So I haven't written in this thing for a while. Part of that is I just haven't had much to say... and another part is I wanted to make this blog less dramatic, if you will, and that was not happening. I think have a better understanding now of why my life is the way it is.
I still don't have a job... however, I feel that God has put me in this place so I can learn to live for myself. My whole life I have been living for someone else... whether that be my mother, my sister, some peer at school that I wanted to impress... I have never really been happy with myself or life. Yes, that sounds depressing, but the honest truth... I never been happier in my life than I am right now.
That is not to say I still don't struggle with depression on a day to day basis. I do and it is extremely hard. I have had some of my most darkest moments these past few months, however I'm starting to see the light at the end of the tunnel. I'm starting to know what hope feels like. I'm starting to understand what joy is. I do honestly think that God is working in my life to provide this time of "solitude"...

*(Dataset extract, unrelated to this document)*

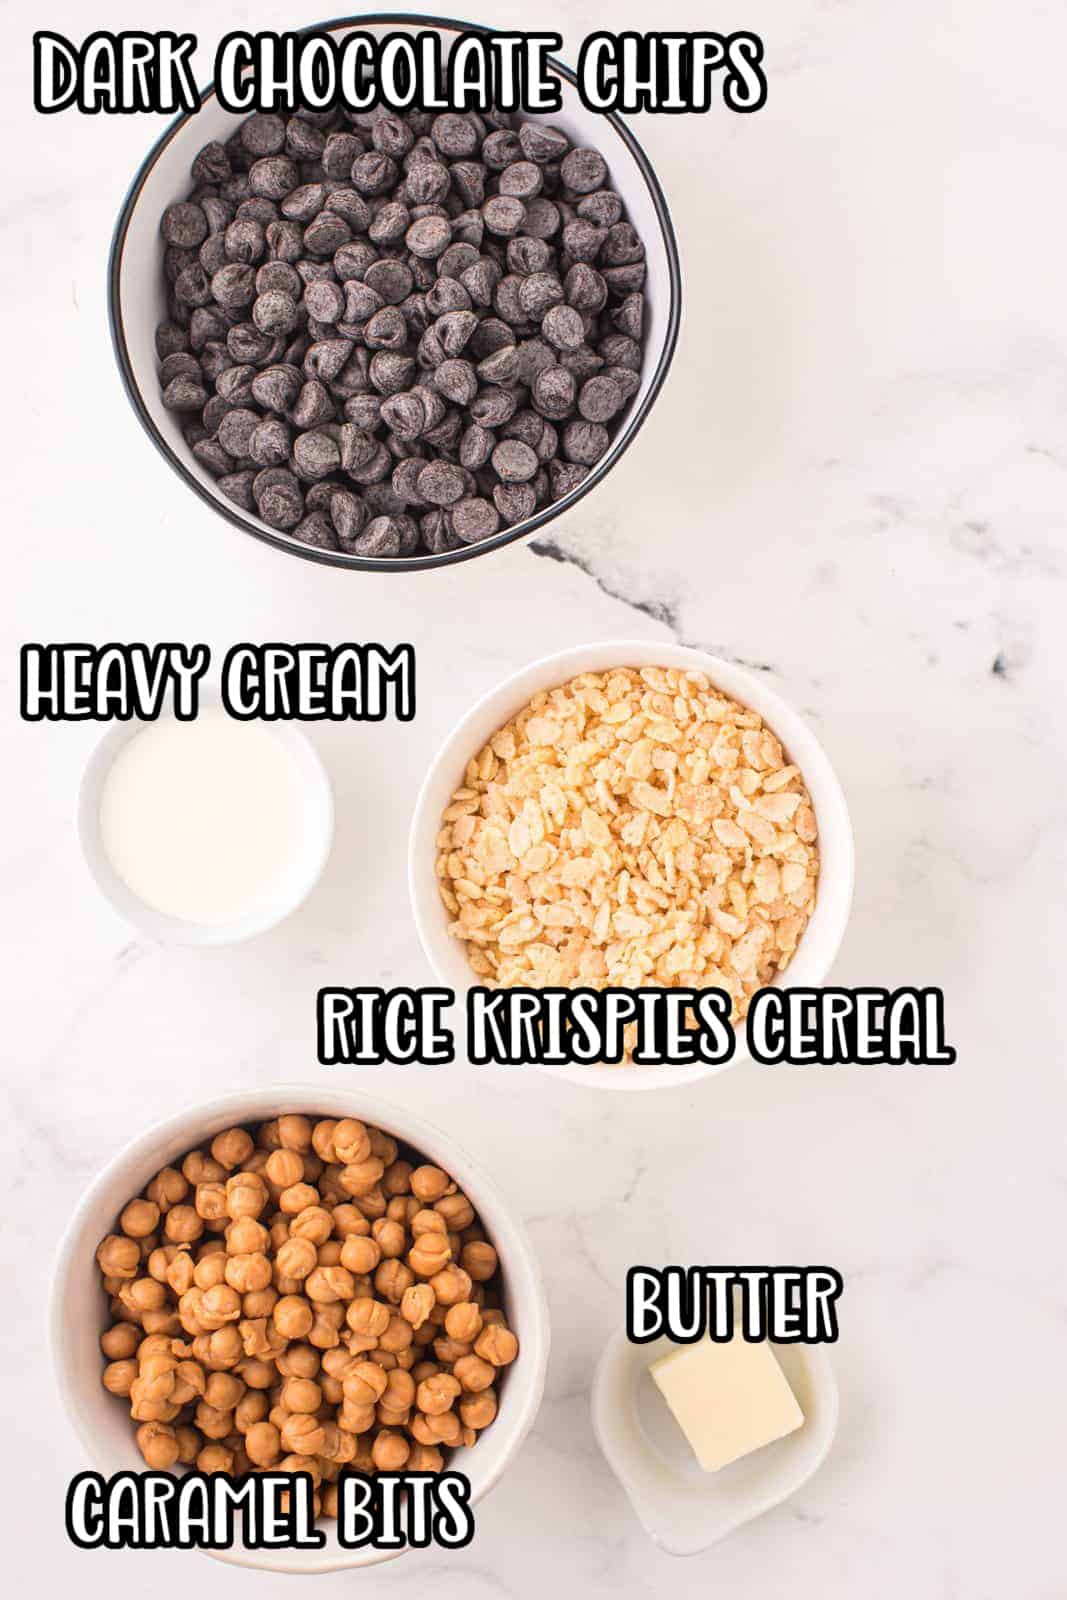 Dark chocolate chips, butter, Rice Krispie cereal, caramel bits, and heavy cream.

Again, this time period has been the hardest. I still would like very much to get a job... tomorrow. I think I have a better idea of what I want to do. I have this desire to get start... I think I would like to go into research for Autism, or maybe some other medical/psychological condition. This may be sick to some of you, but I've always loved doing research papers in school. I thrived on the knowledge that I had to look for to come up with a 20 or so page paper. I loved looking into medical conditions... it was all so fascinating to me. I'm hoping to now get into a entry level: research/lab assistant position. I've been applying to different hospitals, research institute, and the UW campus. Only a phone screen interview has come up... and I haven't heard back about a follow-up interview.
The problem that I think I'm trying to work through is to not give up on hope. I can't start believe that my hope is invalid... it doesn't mean anything. This is one of the lies satan likes to hit me with... "I'm insignificant". It's not true, so I'm told. However, my goal in all of this is to NOT move back into my parents house. That can not happen. I've come to far for all my mental health to go to waste.
Well, that's my reflection for tonight... more may come, but we will see.